Beyond text prompts, AniSora accepts pose maps, depth maps, line art, and even audio as inputs to guide motion. For example, a singing VTuber can be animated by syncing mouth movements to an input audio clip, or a fencing scene can be choreographed using pose skeletons.

Video Style Transfer

By combining line-art extraction with controlled generation, AniSora can transform a live-action or generic animated clip into a specific anime style—preserving motion while altering visual aesthetics.

Ultra-Low-Resolution Video Super-Resolution

AniSora supports efficient generation at 90p and then upscales to 720p or 1080p with enhanced detail. This reduces computational cost during sampling while maintaining final visual quality.

Who Should Use AniSora

AniSora is ideal for:

  • Indie animators looking to automate in-between frames or generate motion from manga panels.
  • VTuber studios needing consistent, expressive character animations driven by audio or text.
  • Anime PV (promotional video) and MAD clip creators who want to remix existing assets into dynamic sequences.
  • Researchers in generative AI focusing on stylized video, controllable synthesis, or human preference alignment in non-photorealistic domains.
  • Game developers prototyping cutscenes or animated UI elements in 2D styles.

It is not intended for photorealistic video synthesis. Its strength lies exclusively in ACG-style content, where artistic consistency and stylized motion are paramount.
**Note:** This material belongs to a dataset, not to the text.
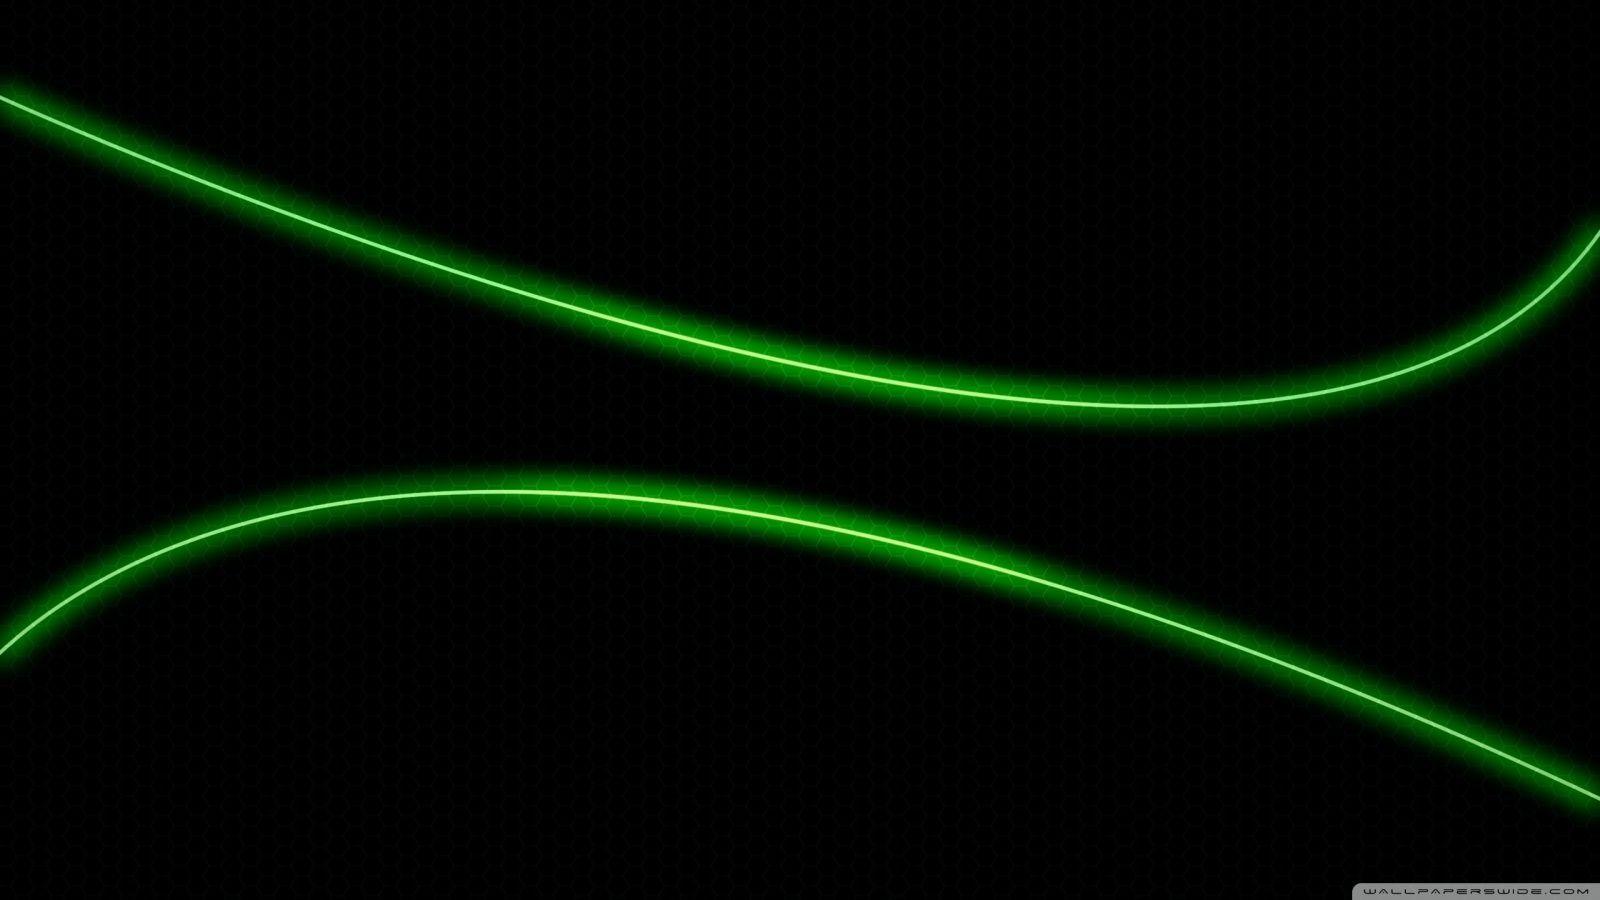 Black And Neon Green Backgrounds Hd Image 3 HD Wallpapers

Getting Started: Versions, Hardware, and Ecosystem

AniSora has evolved across three major versions, each optimized for different use cases:

  • V1: Built on CogVideoX-5B, suitable for basic image-to-video and localized control. Runs on consumer GPUs like RTX 4090.
  • V2: Based on the Wan2.1-14B foundation model, offers distilled, faster inference with native support for Huawei Ascend 910B NPUs. Ideal for cost-efficient deployment.
  • V3: The most advanced version, supporting 8-step inference, multimodal guidance, 3D character rotation, and super-resolution. The V3.1 variant runs on GPUs with as little as 12GB VRAM.
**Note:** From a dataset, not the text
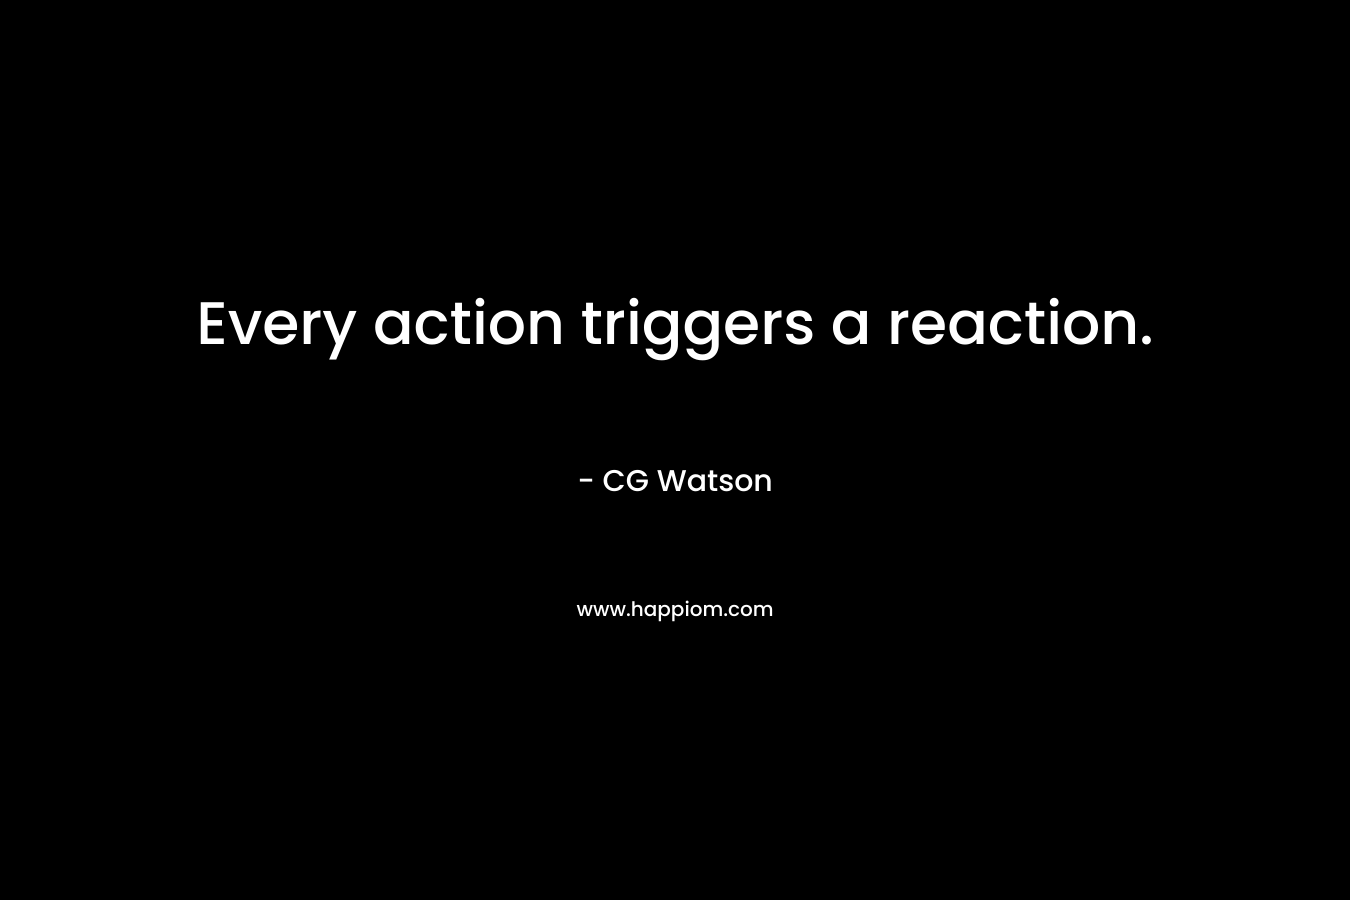 Every action triggers a reaction. – CG Watson

All model weights are publicly available on Hugging Face and ModelScope under Apache 2.0. The repository also includes:

  • A full data processing pipeline for cleaning and preparing animation datasets.
  • An evaluation benchmark with 948 labeled animation clips and specialized metrics for character consistency, motion appeal, and text-video alignment.
  • AniSora-RL, the first reinforcement learning from human feedback (RLHF) framework tailored for anime video generation.

To begin, users can download the appropriate version, provide a prompt or conditioning image, and generate short (e.g., 5-second) 360p clips in under 8 seconds on capable hardware.

Limitations and Practical Considerations

While powerful, AniSora has boundaries:

  • It currently generates short video clips (typically up to 5 seconds at 360p), not full-length sequences.
  • Output quality depends heavily on input quality—blurry or poorly composed reference images may lead to artifacts.
  • Motion is intentionally stylized, not physically accurate. This is a feature, not a bug, but users expecting realism should look elsewhere.
  • Access to the full evaluation benchmark requires a formal request to the Bilibili team, including institutional affiliation and a handwritten signature, to ensure responsible use.

These constraints reflect the project’s focus: high-fidelity, controllable animation synthesis for creative and research applications—not general-purpose video.

Summary

AniSora is the first open-source, end-to-end system dedicated entirely to animation video generation. By combining a massive curated dataset, a spatiotemporally controllable architecture, and an anime-specific evaluation benchmark, it outperforms general models in character consistency, stylized motion, and creative flexibility. For anyone working in anime, VTuber content, game cinematics, or ACG research, AniSora offers a low-risk, high-reward entry point into automated animation—with full transparency, reproducibility, and community access. In a landscape dominated by black-box video models, AniSora stands out as both technically innovative and practically useful for real-world animation pipelines.